**TASK OBJECTIVE**. Among the entries below, one line contains "Ноутбук Lenovo IdeaPad S145-15API 81UT0072RE" and another contains "Judy Wild Tipi-Zelt". Transcribe those two lines and every line between them, exactly.

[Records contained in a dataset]
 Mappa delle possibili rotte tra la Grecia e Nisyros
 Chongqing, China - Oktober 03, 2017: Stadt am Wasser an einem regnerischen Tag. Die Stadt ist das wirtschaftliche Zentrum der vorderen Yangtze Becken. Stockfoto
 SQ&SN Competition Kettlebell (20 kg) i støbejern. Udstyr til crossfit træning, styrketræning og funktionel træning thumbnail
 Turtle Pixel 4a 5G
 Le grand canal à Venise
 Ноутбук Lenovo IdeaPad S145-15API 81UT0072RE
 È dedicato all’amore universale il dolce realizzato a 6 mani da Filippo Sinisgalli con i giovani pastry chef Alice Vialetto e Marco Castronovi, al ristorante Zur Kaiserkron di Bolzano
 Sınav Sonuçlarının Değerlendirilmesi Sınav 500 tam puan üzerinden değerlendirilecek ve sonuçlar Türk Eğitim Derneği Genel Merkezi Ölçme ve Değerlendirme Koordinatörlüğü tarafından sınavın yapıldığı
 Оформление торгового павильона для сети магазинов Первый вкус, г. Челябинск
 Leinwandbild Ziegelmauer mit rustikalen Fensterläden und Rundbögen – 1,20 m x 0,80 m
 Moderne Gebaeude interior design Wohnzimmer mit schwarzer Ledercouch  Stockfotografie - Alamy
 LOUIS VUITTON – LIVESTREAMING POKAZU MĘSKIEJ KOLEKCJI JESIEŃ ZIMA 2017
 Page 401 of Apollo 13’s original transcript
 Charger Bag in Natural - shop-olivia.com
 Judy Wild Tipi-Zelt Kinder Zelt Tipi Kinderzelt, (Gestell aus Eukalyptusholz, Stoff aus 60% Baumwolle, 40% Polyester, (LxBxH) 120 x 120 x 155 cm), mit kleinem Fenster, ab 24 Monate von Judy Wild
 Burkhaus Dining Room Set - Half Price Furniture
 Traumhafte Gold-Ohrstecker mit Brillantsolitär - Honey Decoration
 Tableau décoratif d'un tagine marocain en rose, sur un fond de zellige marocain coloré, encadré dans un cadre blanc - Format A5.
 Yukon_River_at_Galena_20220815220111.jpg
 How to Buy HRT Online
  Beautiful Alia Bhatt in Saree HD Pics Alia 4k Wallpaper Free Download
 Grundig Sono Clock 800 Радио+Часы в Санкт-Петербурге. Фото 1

**TASK RESPONSE**.
 Ноутбук Lenovo IdeaPad S145-15API 81UT0072RE
 È dedicato all’amore universale il dolce realizzato a 6 mani da Filippo Sinisgalli con i giovani pastry chef Alice Vialetto e Marco Castronovi, al ristorante Zur Kaiserkron di Bolzano
 Sınav Sonuçlarının Değerlendirilmesi Sınav 500 tam puan üzerinden değerlendirilecek ve sonuçlar Türk Eğitim Derneği Genel Merkezi Ölçme ve Değerlendirme Koordinatörlüğü tarafından sınavın yapıldığı
 Оформление торгового павильона для сети магазинов Первый вкус, г. Челябинск
 Leinwandbild Ziegelmauer mit rustikalen Fensterläden und Rundbögen – 1,20 m x 0,80 m
 Moderne Gebaeude interior design Wohnzimmer mit schwarzer Ledercouch  Stockfotografie - Alamy
 LOUIS VUITTON – LIVESTREAMING POKAZU MĘSKIEJ KOLEKCJI JESIEŃ ZIMA 2017
 Page 401 of Apollo 13’s original transcript
 Charger Bag in Natural - shop-olivia.com
 Judy Wild Tipi-Zelt Kinder Zelt Tipi Kinderzelt, (Gestell aus Eukalyptusholz, Stoff aus 60% Baumwolle, 40% Polyester, (LxBxH) 120 x 120 x 155 cm), mit kleinem Fenster, ab 24 Monate von Judy Wild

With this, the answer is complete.